Journal of Contextual Behavioral Science (JCBS)
Volume 21, July 2021, Pages 80-87
Authors
Margarete Schmidt, Julio C. de Rose, Renato Bortoloti
Abstract
The current study investigated the dynamics of arbitrarily applicable relational responding involving emotional pictographs (emojis) used in electronic messages by means of the Implicit Relational Assessment Procedure (IRAP). College students (N = 41) were trained to establish two classes of equivalent stimuli, each comprising a happy or an angry emoji, and three pseudo-words that presumably became symbols of the emotional pictographs. In a subsequent IRAP test, combinations of symbols (labels) and emojis (targets) generated four trial-types (with the consistent response within parentheses): happy symbol–happy emoji (true); happy symbol–negative emoji (false) negative symbol–happy emoji (false); and negative symbol–negative emoji (true), referred to as trial types 1, 2, 3, and 4 respectively.

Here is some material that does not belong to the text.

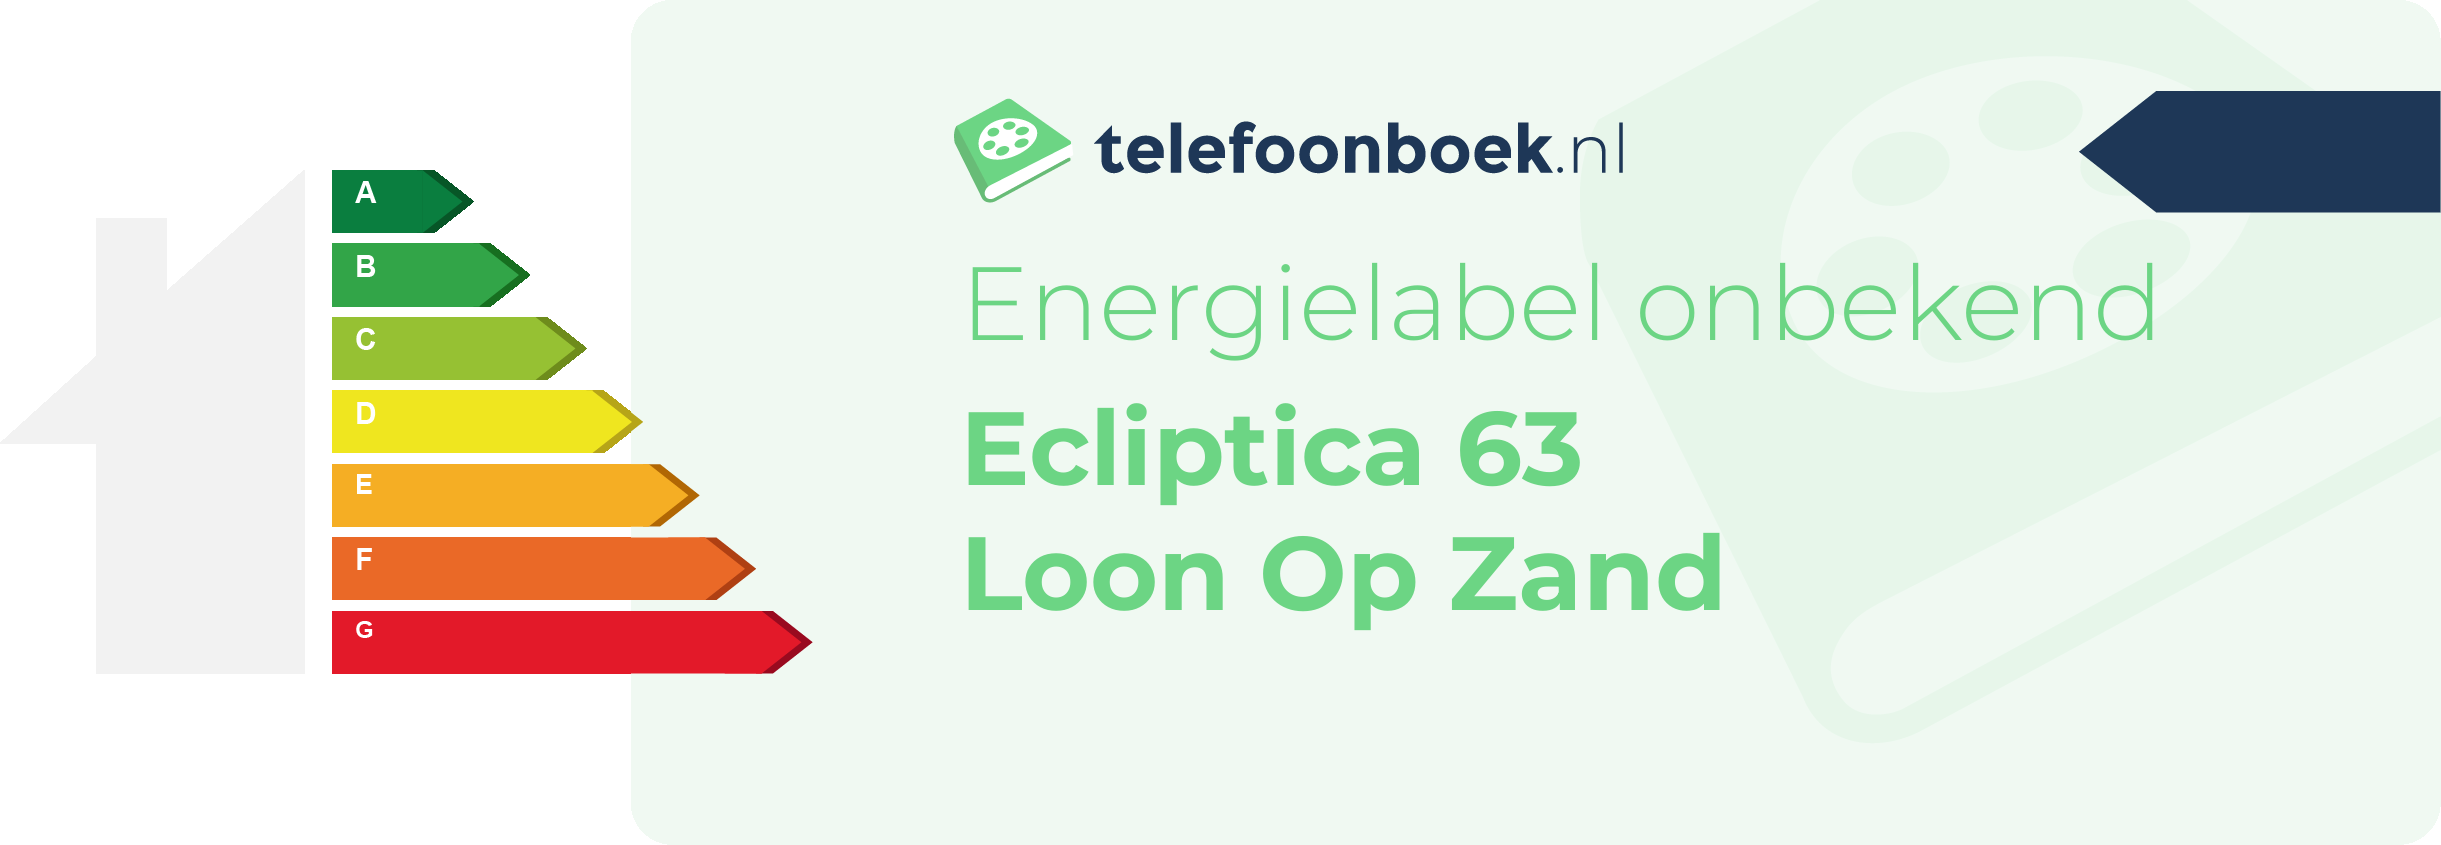 Energielabel Ecliptica 63 Loon Op Zand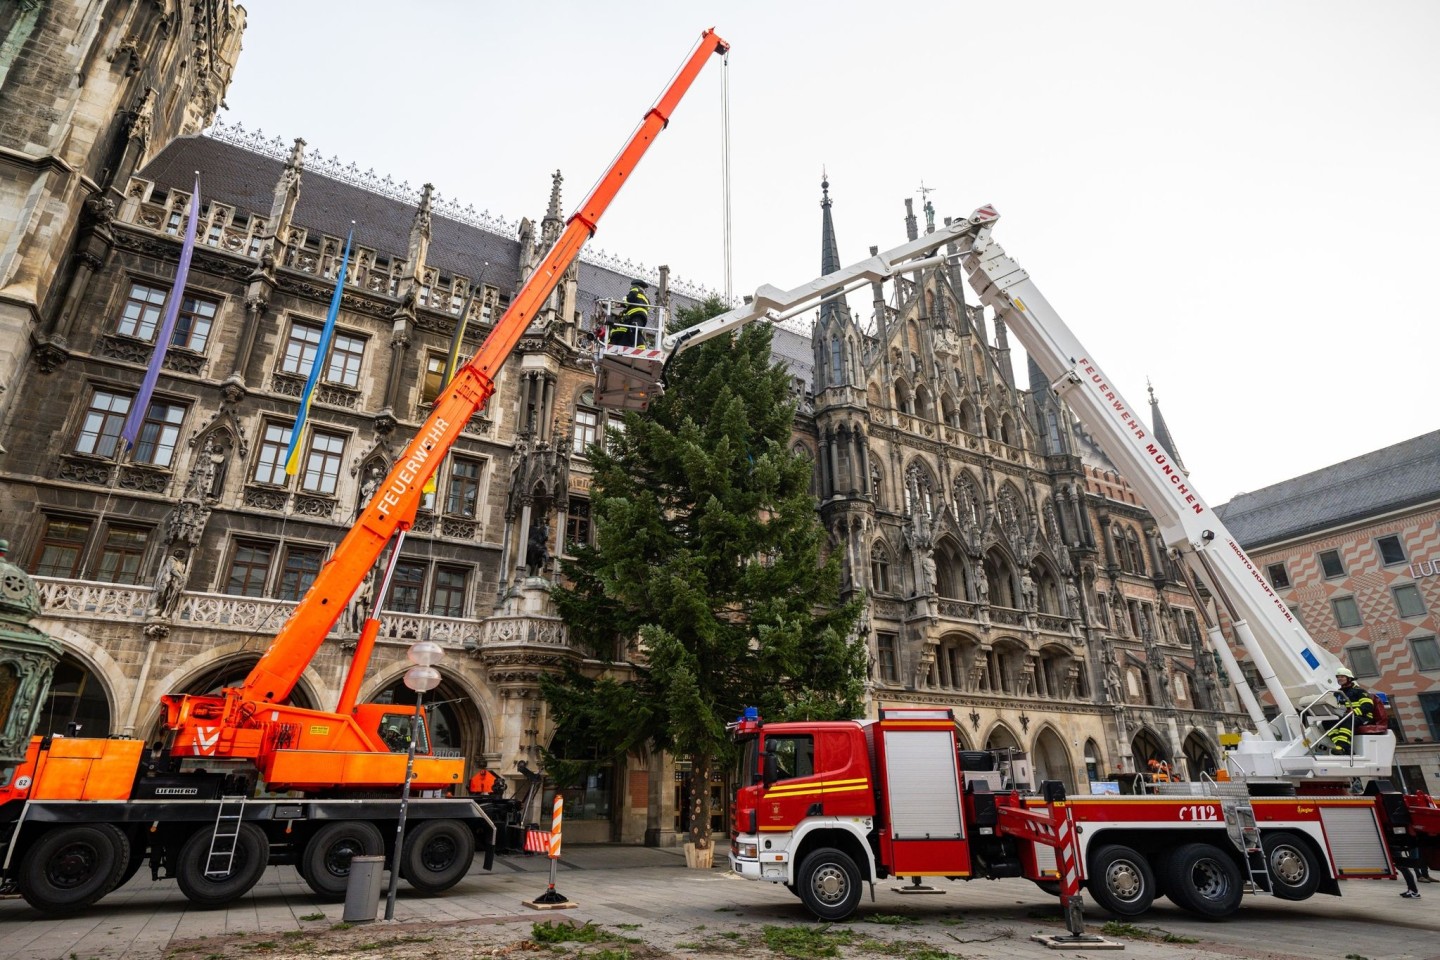 Feuerwehrleute stellen mit Hilfe eines Krans den Weihnachtsbaum auf dem Münchner Marienplatz auf.

A positive score occurred only for trial-type 1 [happy symbol–happy emoji (true)]. Scores for trial-types 2 and 4 were close to zero, and the score for trial-type 3 [negative symbol-happy emoji (false)] was negative. This negative D-IRAP score means that participants were faster to respond true than false for the combination of negative symbol and happy emoji. These results are discussed in terms of the Differential Arbitrarily Applicable Relational Responding Effects (DAARRE) model. It is hypothesized that the orienting and evoking (functional) properties of the positive target stimulus (happy emoji) and the positive response option (true) had a stronger bearing on participants’ responding in trial type 3 than the relation between the label and target stimuli presented in this trial. We argue that the current study provides an empirical demonstration of a dissonant target trial type effect (DTTTE) that appeared to counter equivalence relations trained within the experimental session and discuss implications for IRAP research.